WHAT TO DO:
Begin at the line containing "uprawa pomidorów" and restate it and each line after it exactly, up to and including the last line below. Leave pictures out.

MATERIAL PROVIDED:
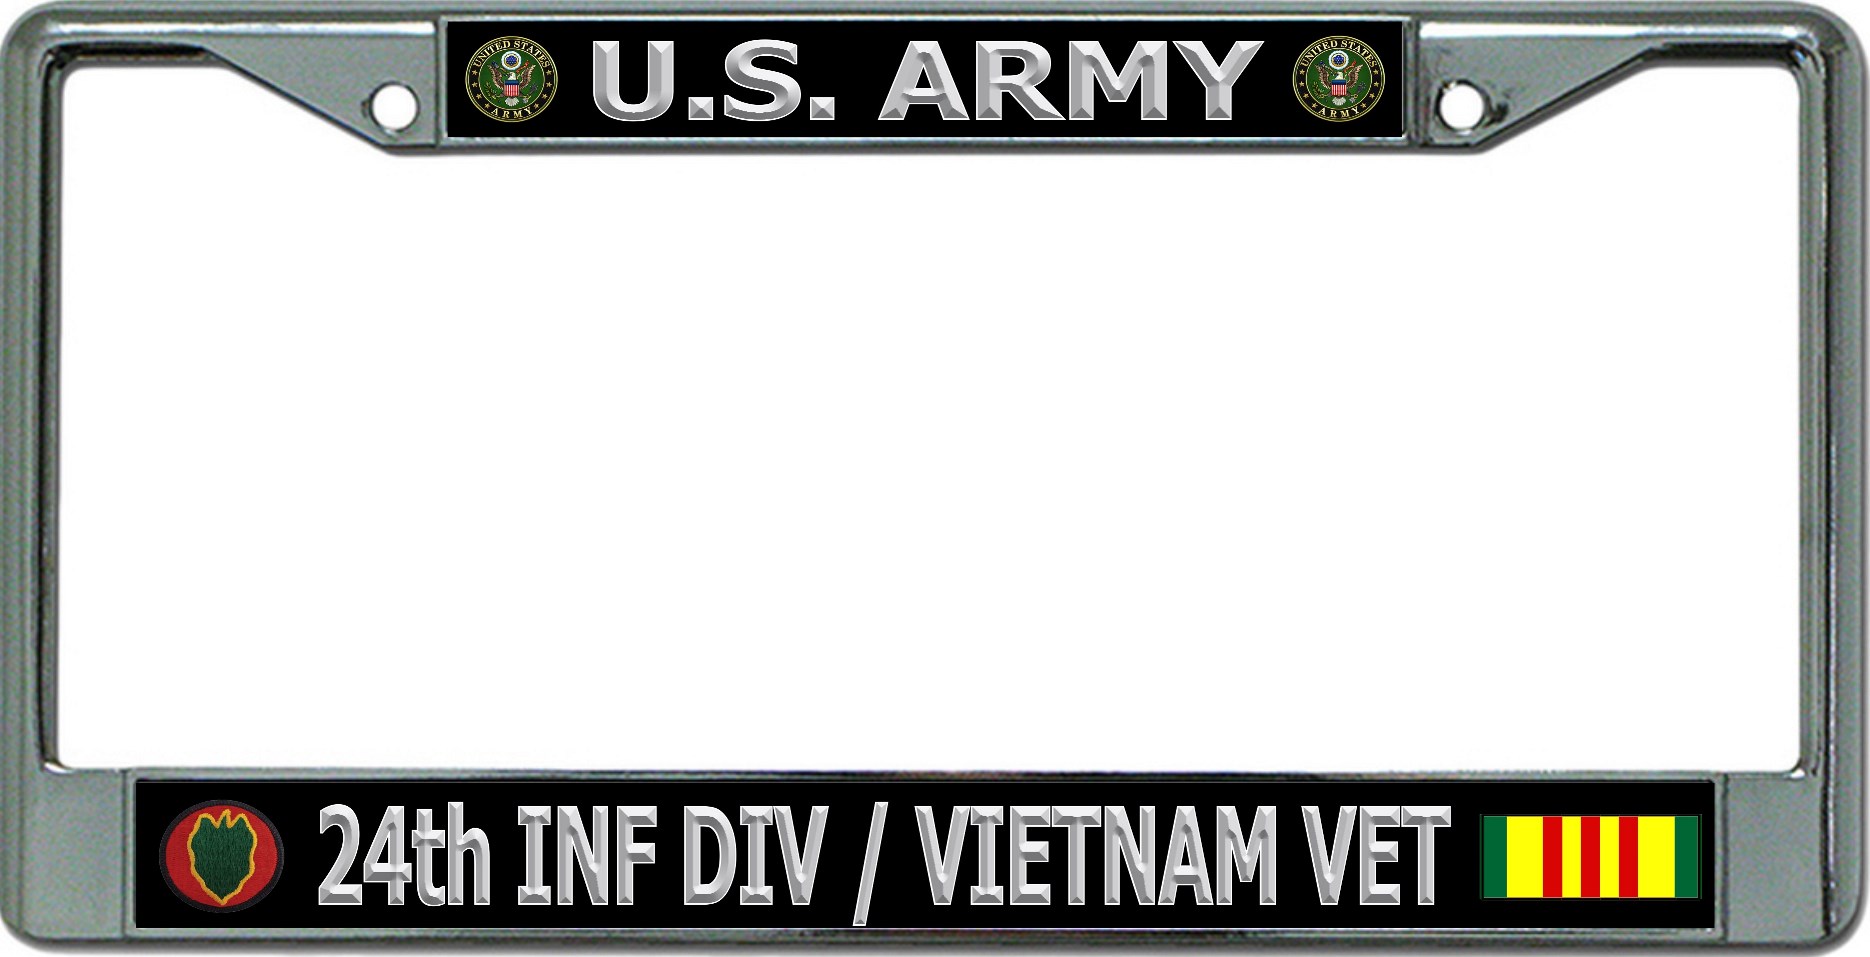 U.S. Army 24th Infantry Div Vietnam Vet Chrome License Plate FRAME
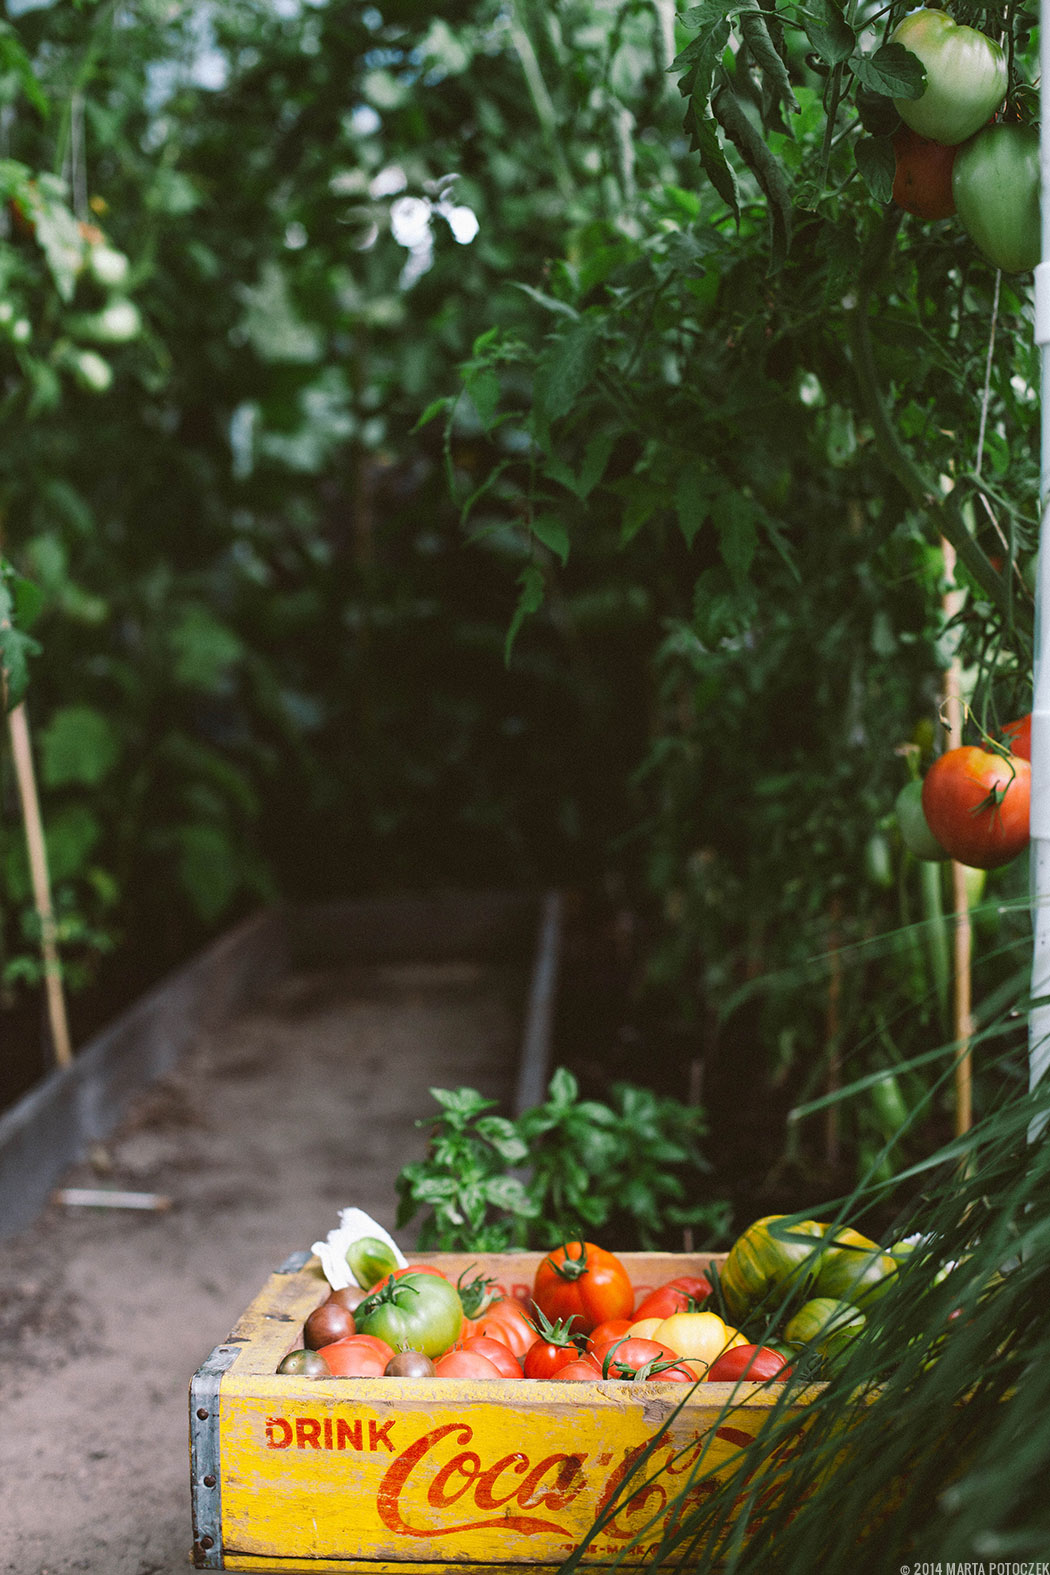 uprawa pomidorów
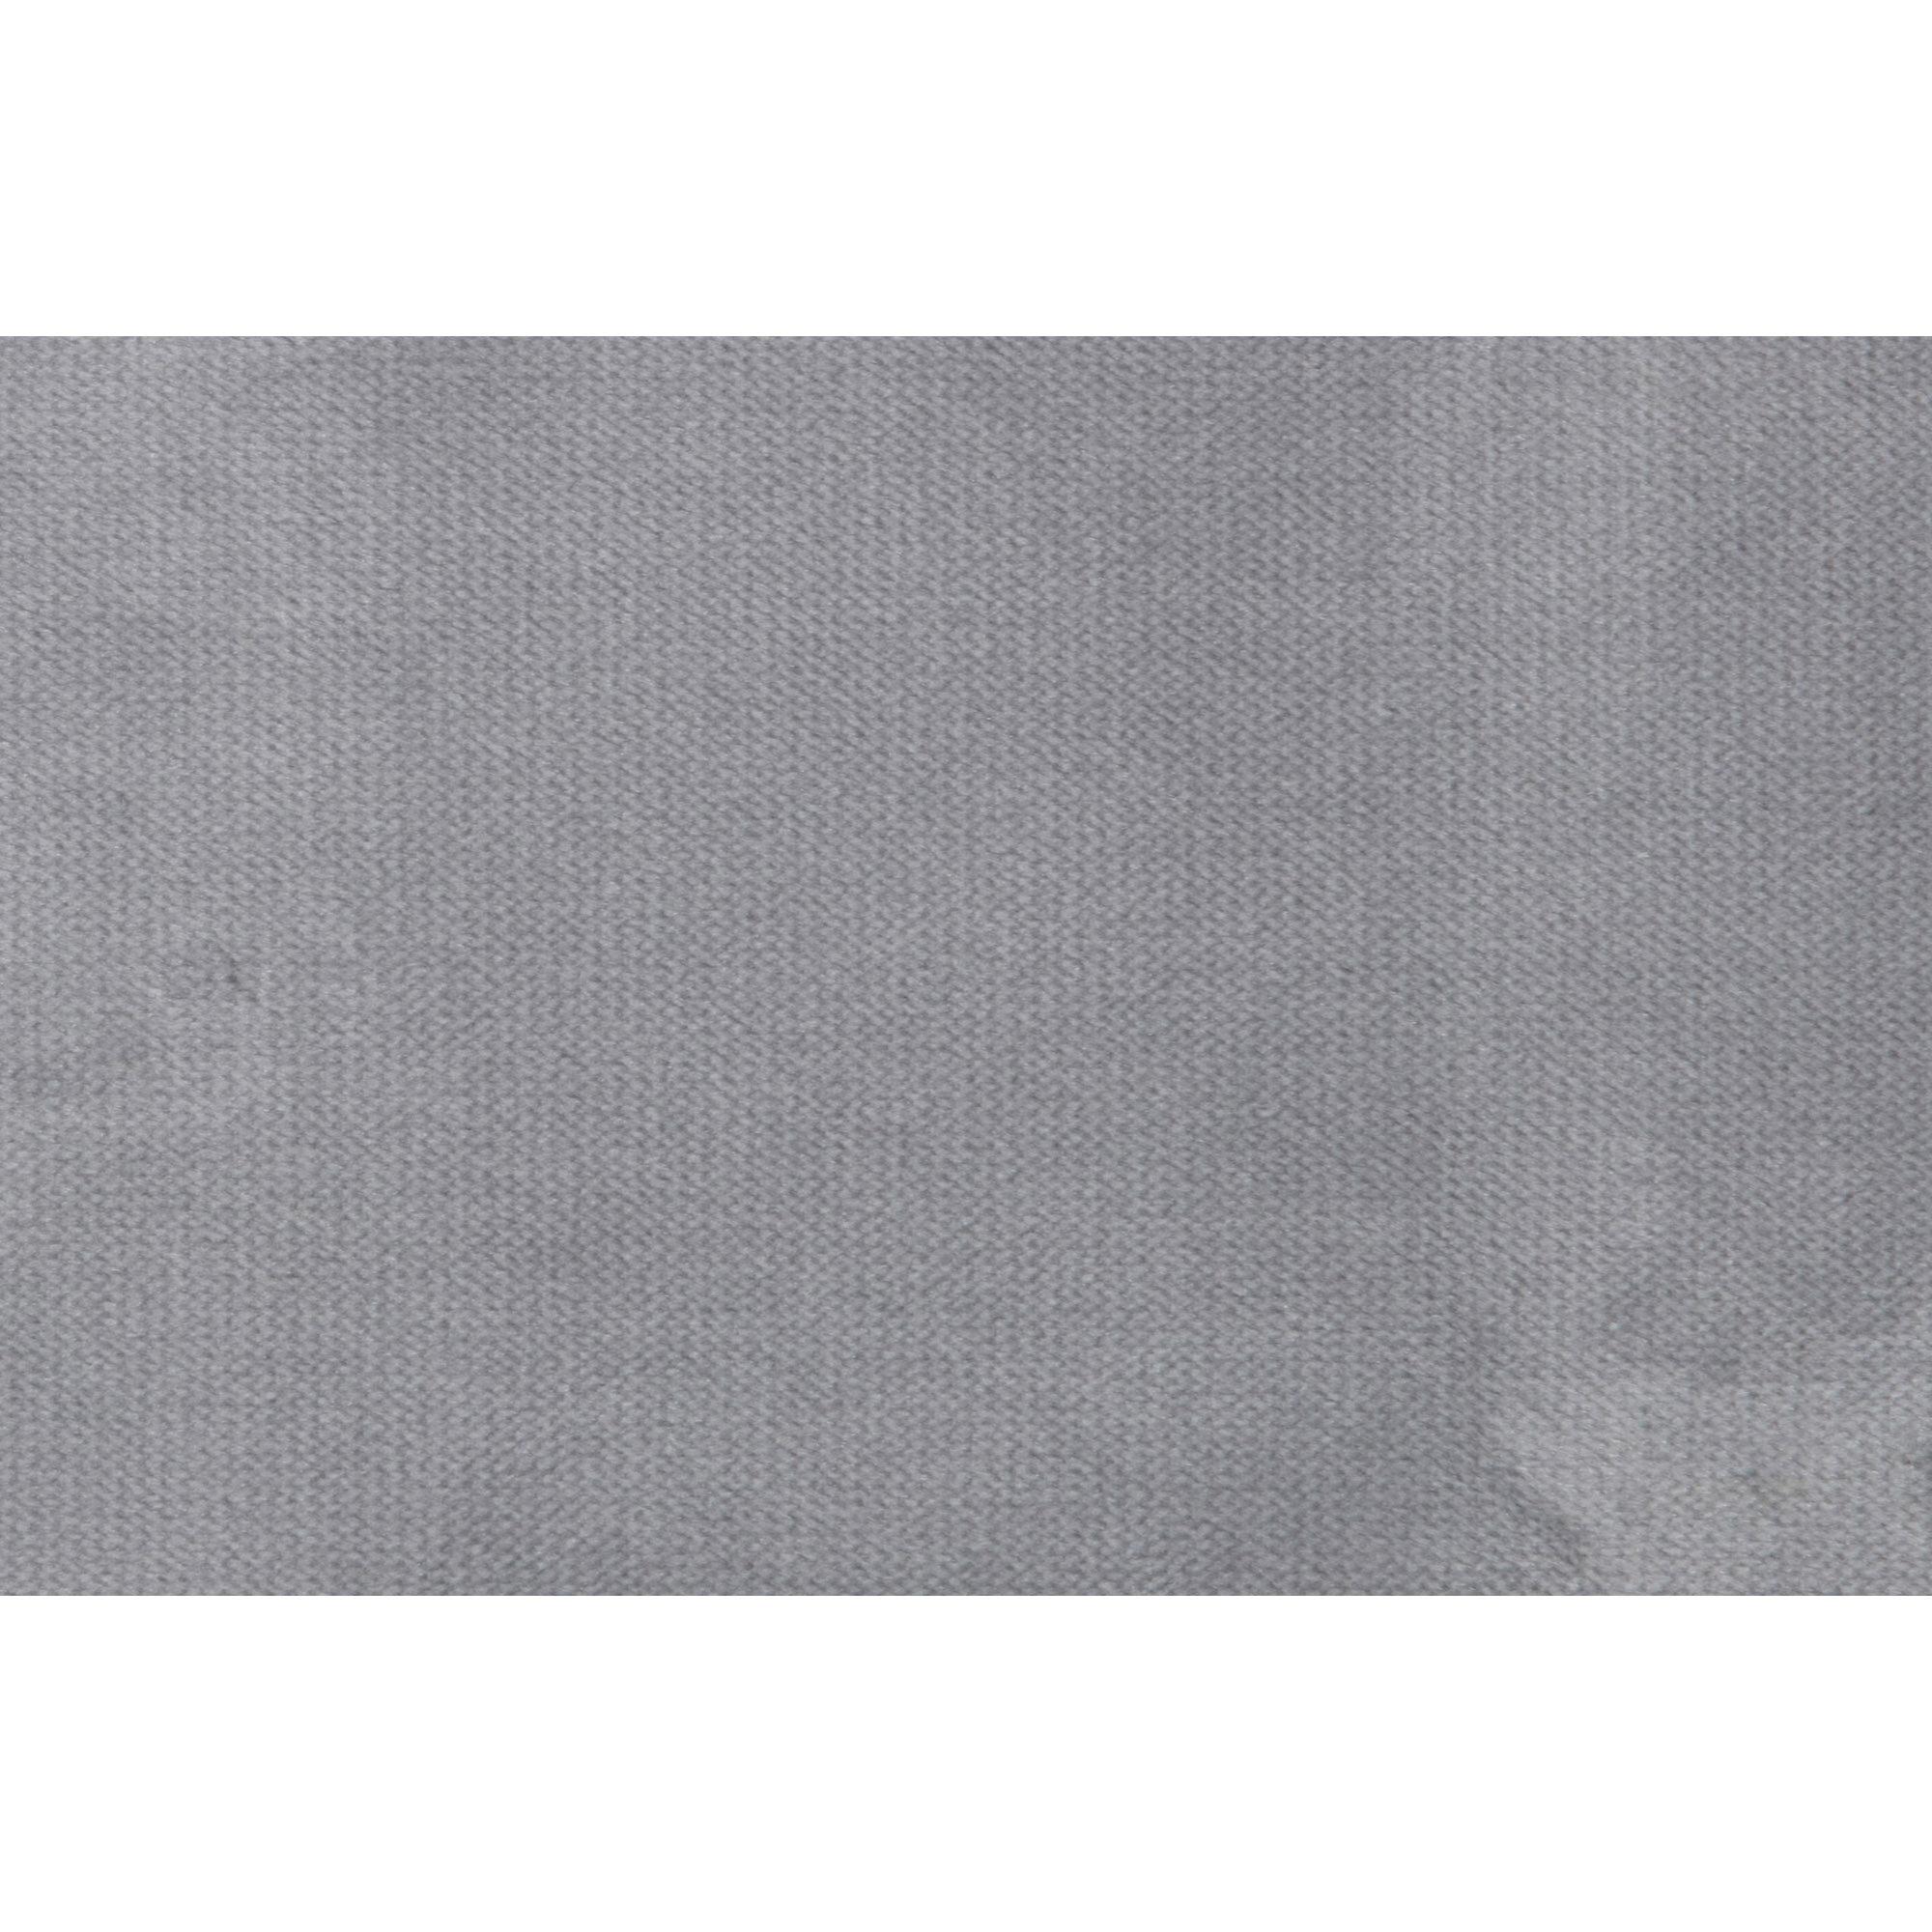  Rodeo Classic Lænestol Velour - Light Grey fra BePureHome i Velour (Varenr: 800888-149)
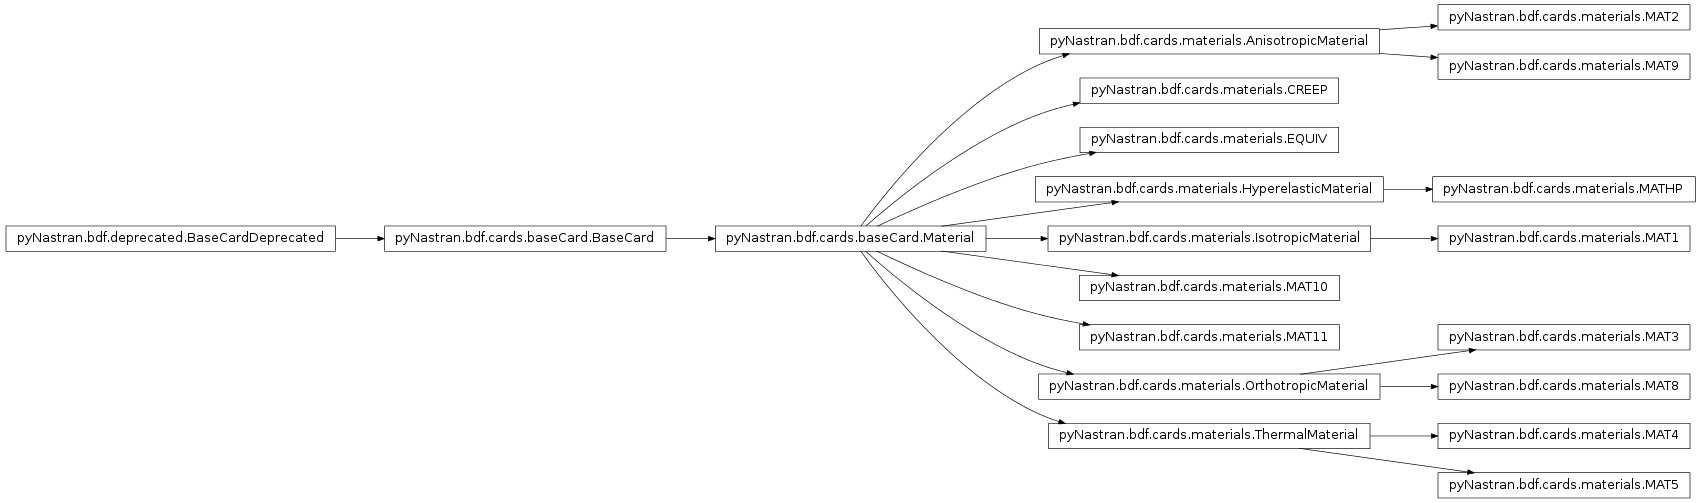 Inheritance diagram of pyNastran.bdf.cards.materials

RESULT OF THE TASK:
 uprawa pomidorów
  Rodeo Classic Lænestol Velour - Light Grey fra BePureHome i Velour (Varenr: 800888-149)
 Inheritance diagram of pyNastran.bdf.cards.materials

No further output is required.